[Supplied data — start]

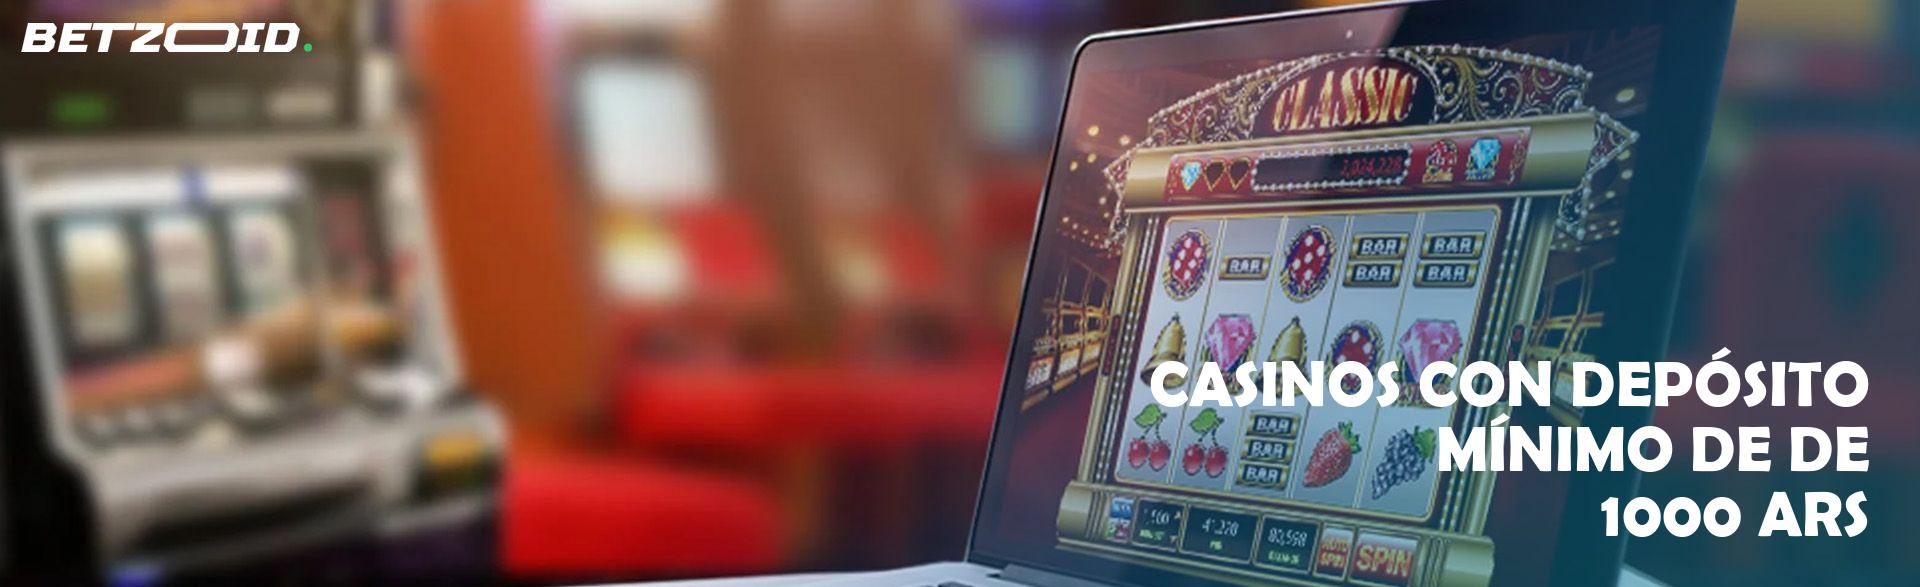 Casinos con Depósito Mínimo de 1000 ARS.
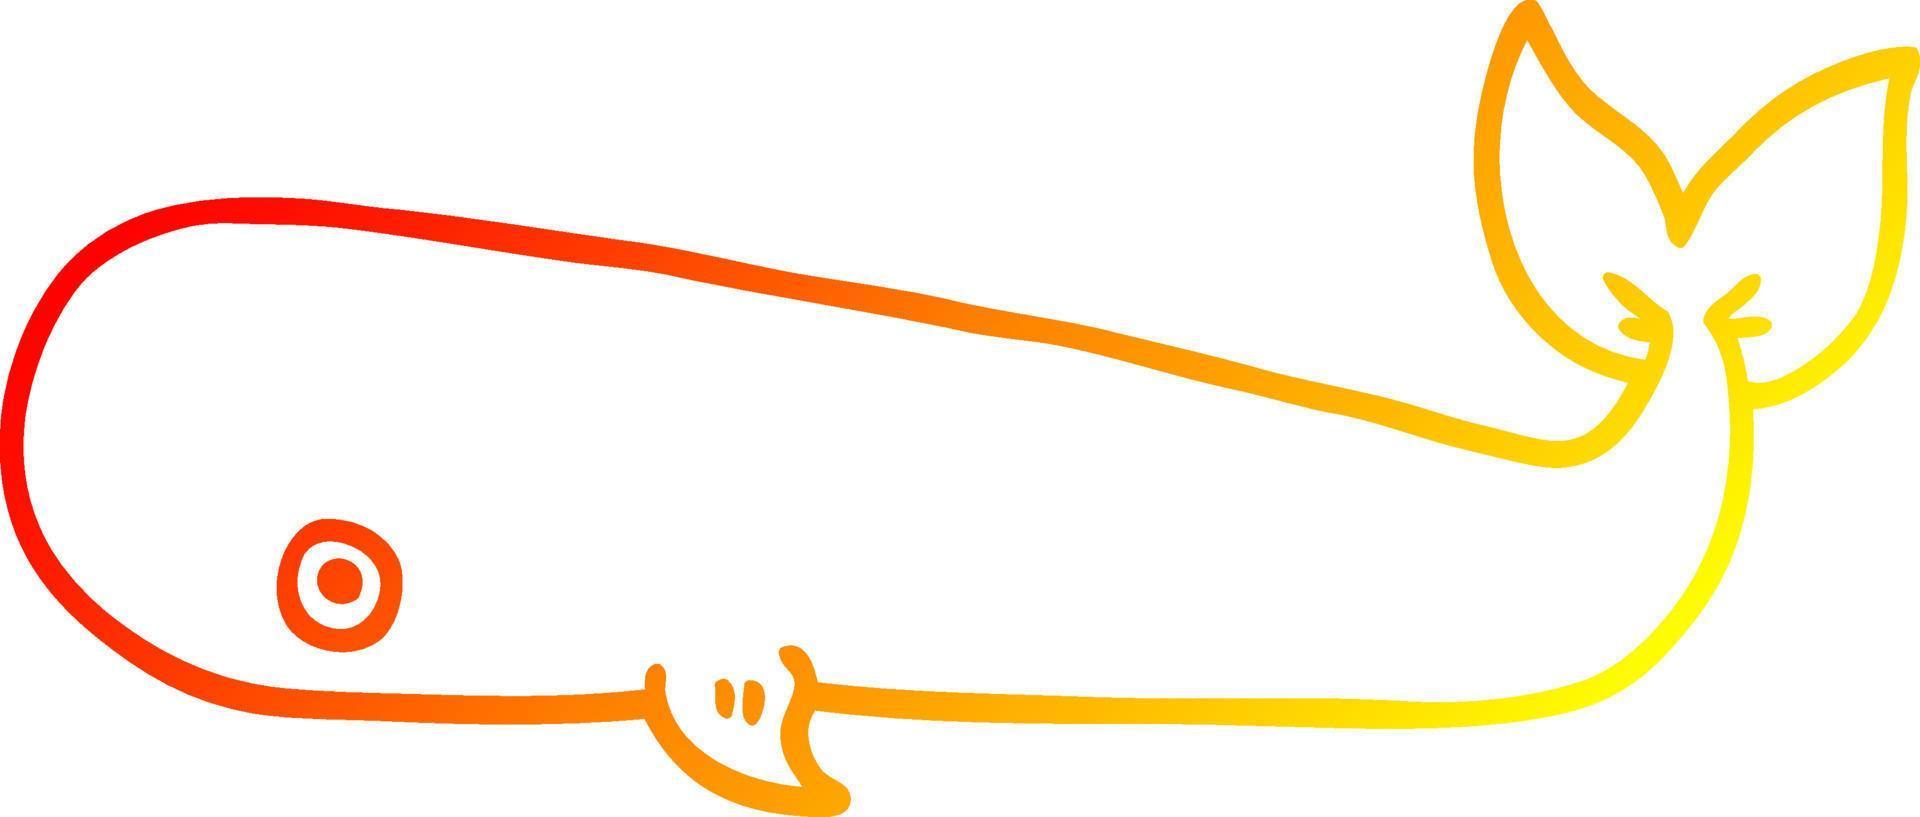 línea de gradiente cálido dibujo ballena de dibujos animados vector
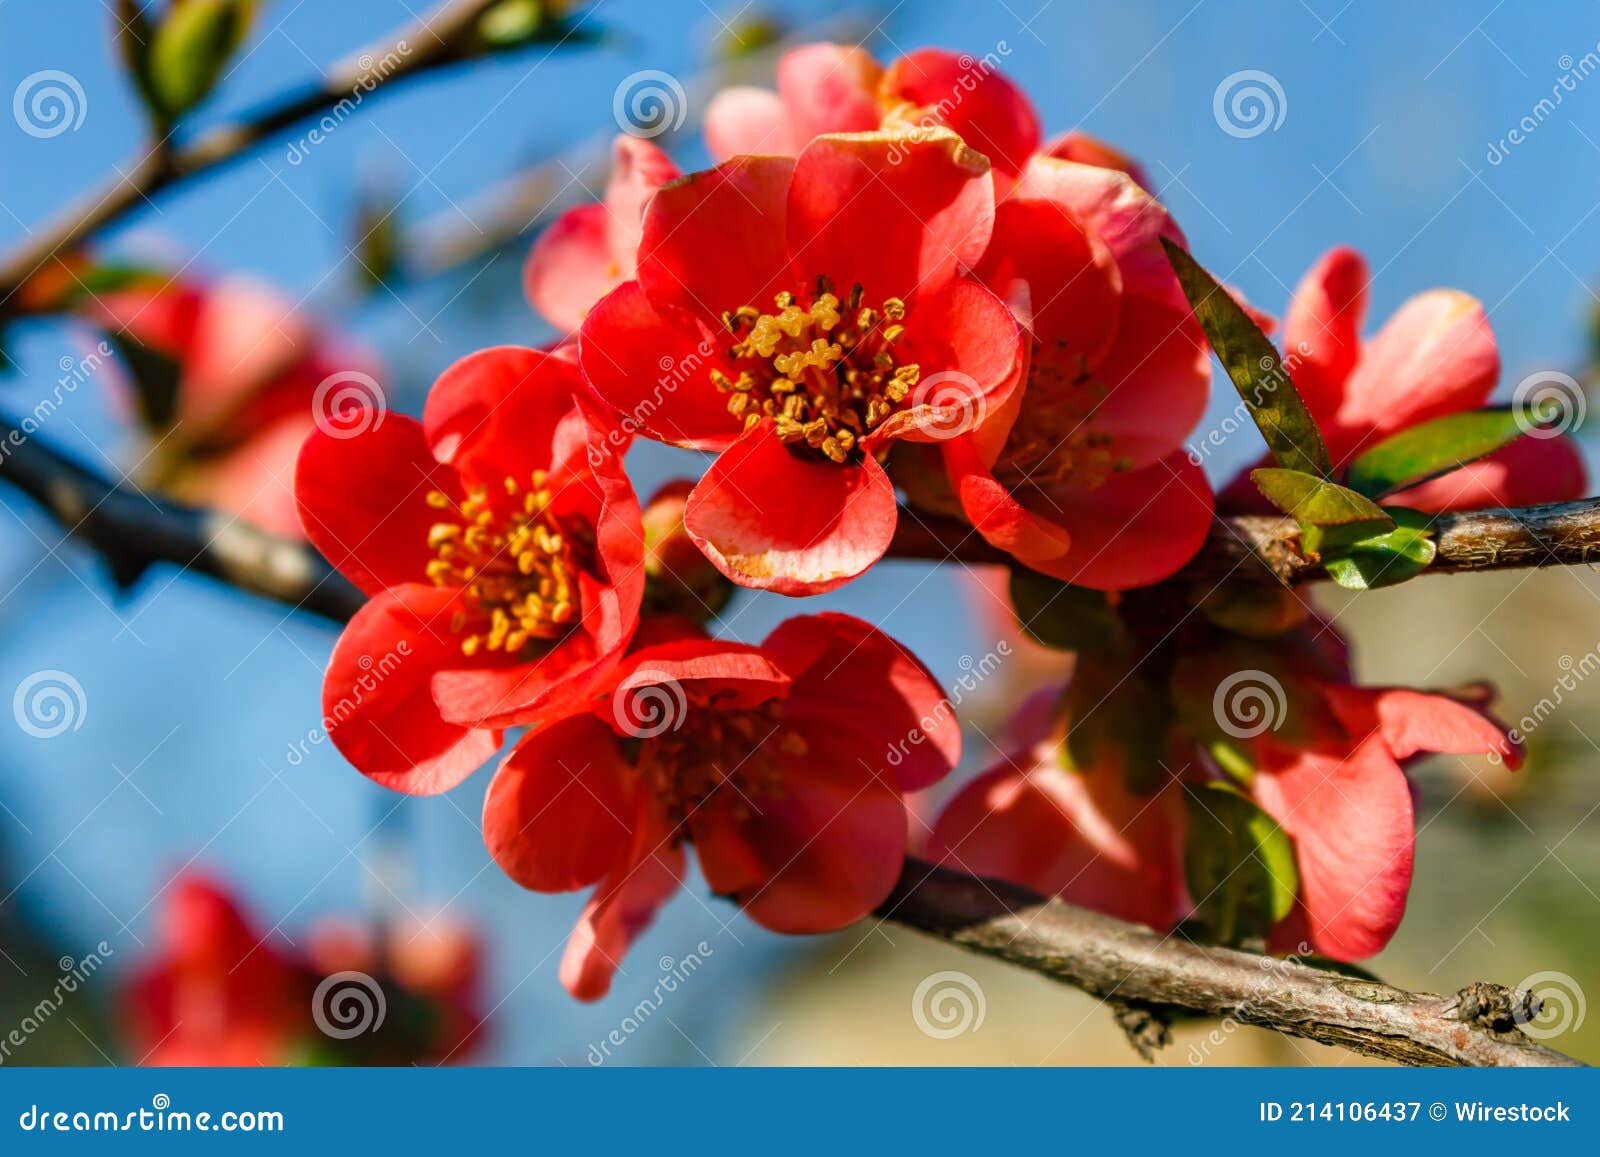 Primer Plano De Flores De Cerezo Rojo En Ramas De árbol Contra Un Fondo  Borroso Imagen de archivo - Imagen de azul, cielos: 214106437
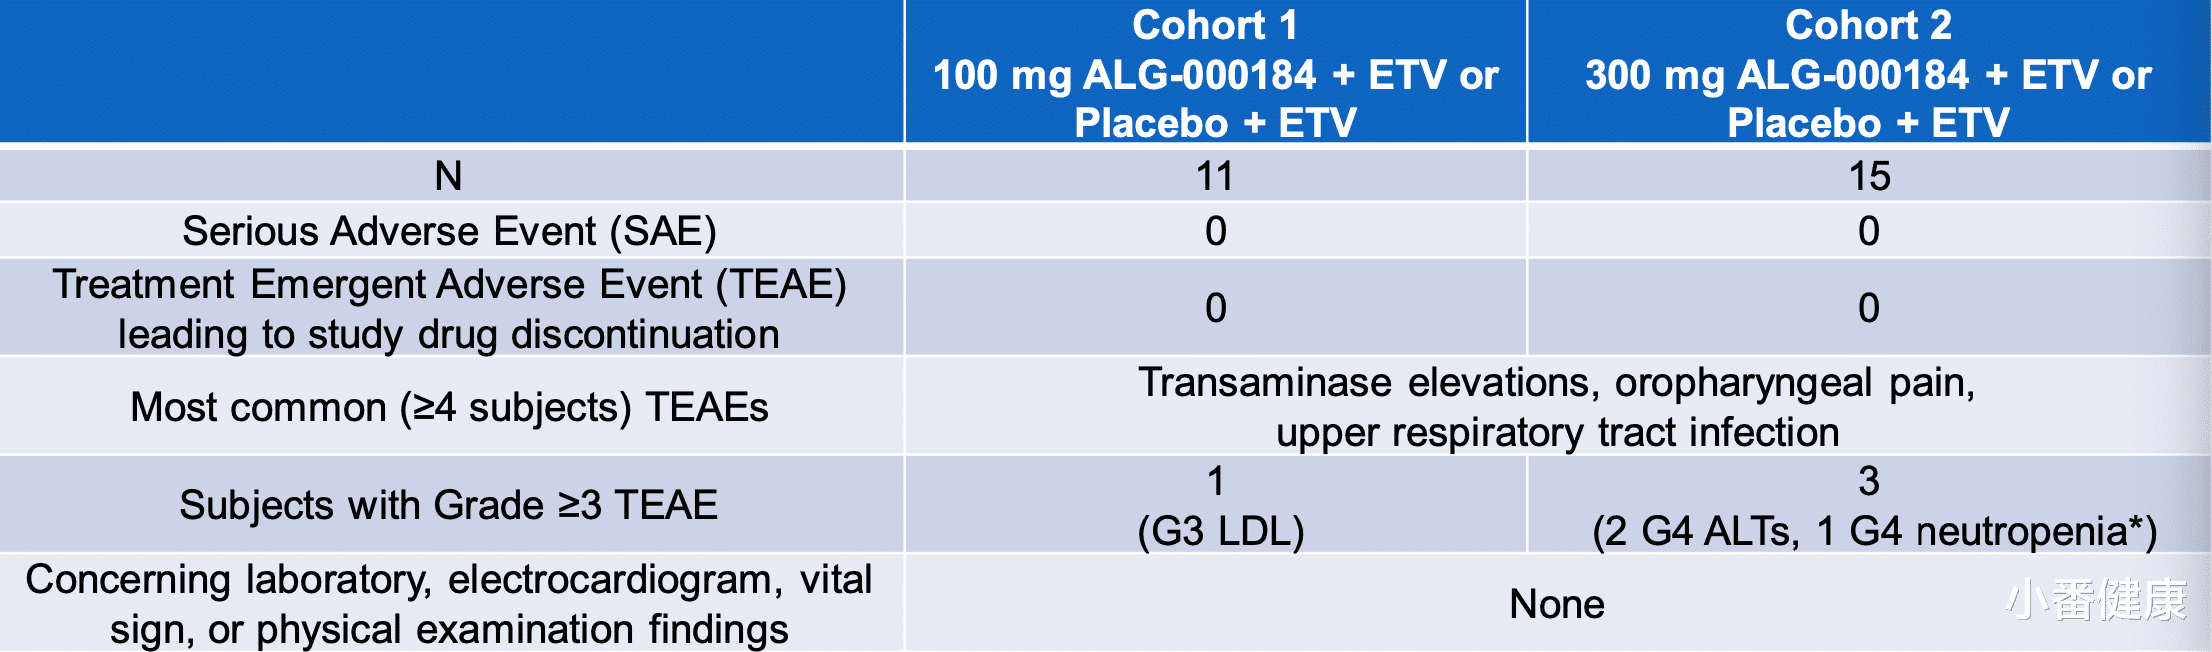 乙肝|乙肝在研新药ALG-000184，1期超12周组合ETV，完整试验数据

[Supplied data — finish]

> [Your goal] Set down word for word each line from the one containing "línea de gradiente" through the end of the material, and keep the pictures out of it.

> [Answer to this exercise]
 línea de gradiente cálido dibujo ballena de dibujos animados vector
 Primer Plano De Flores De Cerezo Rojo En Ramas De árbol Contra Un Fondo  Borroso Imagen de archivo - Imagen de azul, cielos: 214106437
 乙肝|乙肝在研新药ALG-000184，1期超12周组合ETV，完整试验数据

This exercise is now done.